No flash photography

Banksy is one of the greatest living artists.   Because we don’t know if anything he’s ever told us is true. 

Even when he says he’s telling the truth.  Particularly when he says he is, as in his film Exit Through the Gift Shop.  Tracing Banksy’s often reluctant involvement in the abrupt rise and fall of another street artist, the film is either a shocking record of true life, or a sublime fake.

We don’t know.

That’s the art. 

Not the spray paint, not the ruined theme parks, but the very inscrutability of the artist’s existence.
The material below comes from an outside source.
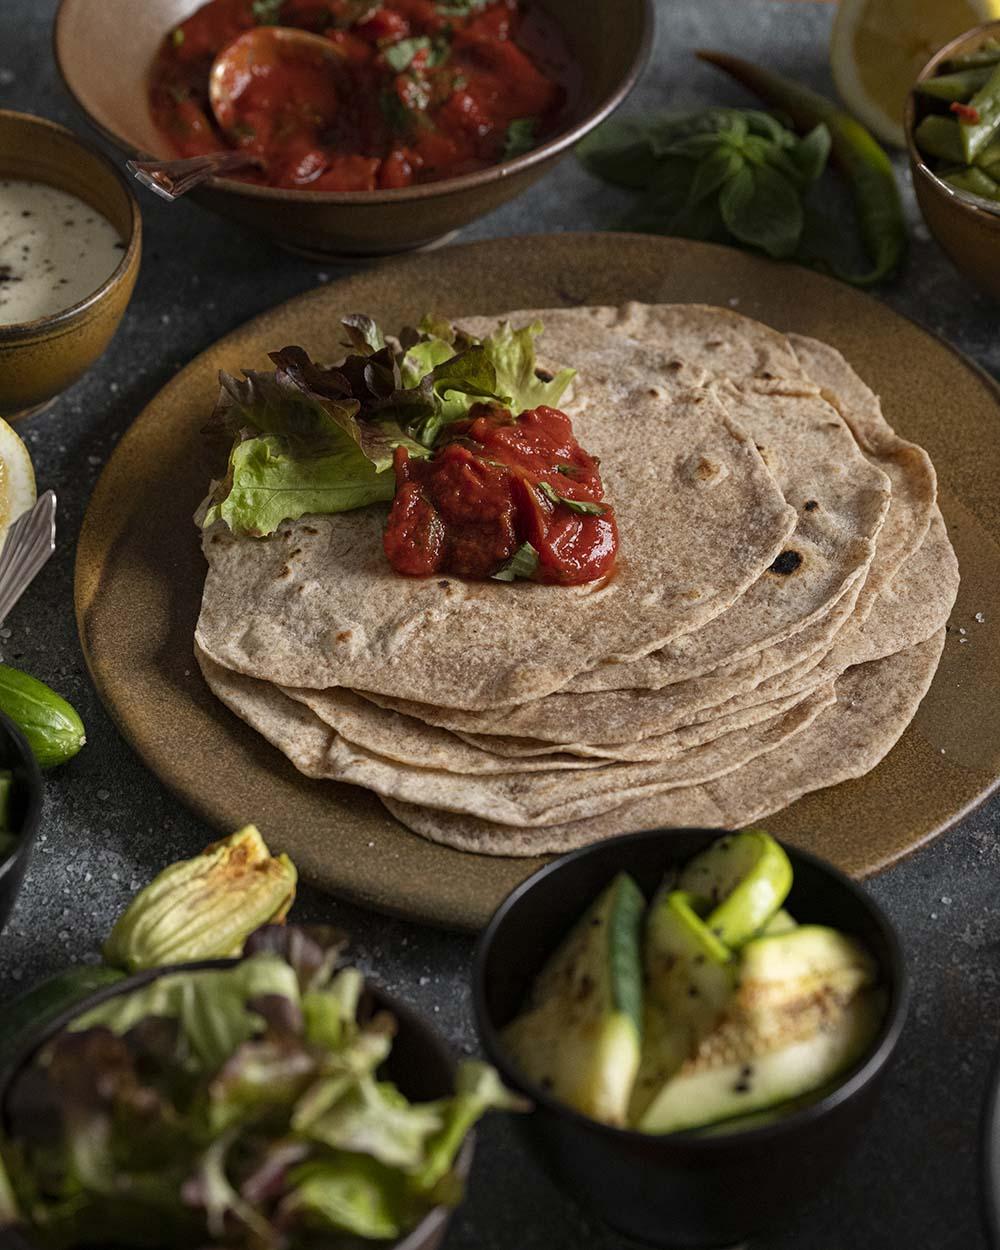 Wir haben einen Klecks Tomaten-Sugo auf einen unserer Wraps gegeben und ein Blatt Salat daneben gelegt. Gleich wikeln wir den Fladen ein.

The art is in the fact that we will carve out of our very walls a rock he is said to have touched and hang the rock on an art gallery wall then charge other people money to view it.  The art is the news story about the painting which shredded itself the moment it was sold. 

He is invisible, criminal, liminal.  We might never see his face.  That is his art, and our psychology is his canvas. 

photos by Lewis Roberts / Robin Wersich / Cole Patrick on Unsplash / treatment by The Fixer

The chipped stone wall of an insurance firm’s downtown office, the alley which never sees sun, the corner of the underground parking garage where a drift of dead leaves has gathered: this is the mental state of so many of us.  Waiting for the unknown to express itself upon us. 

A vivid red balloon, a bunch of flowers, a rat with a felt-tipped pen scrawling a name, any name.

Making something from nothing. 

Making us into art.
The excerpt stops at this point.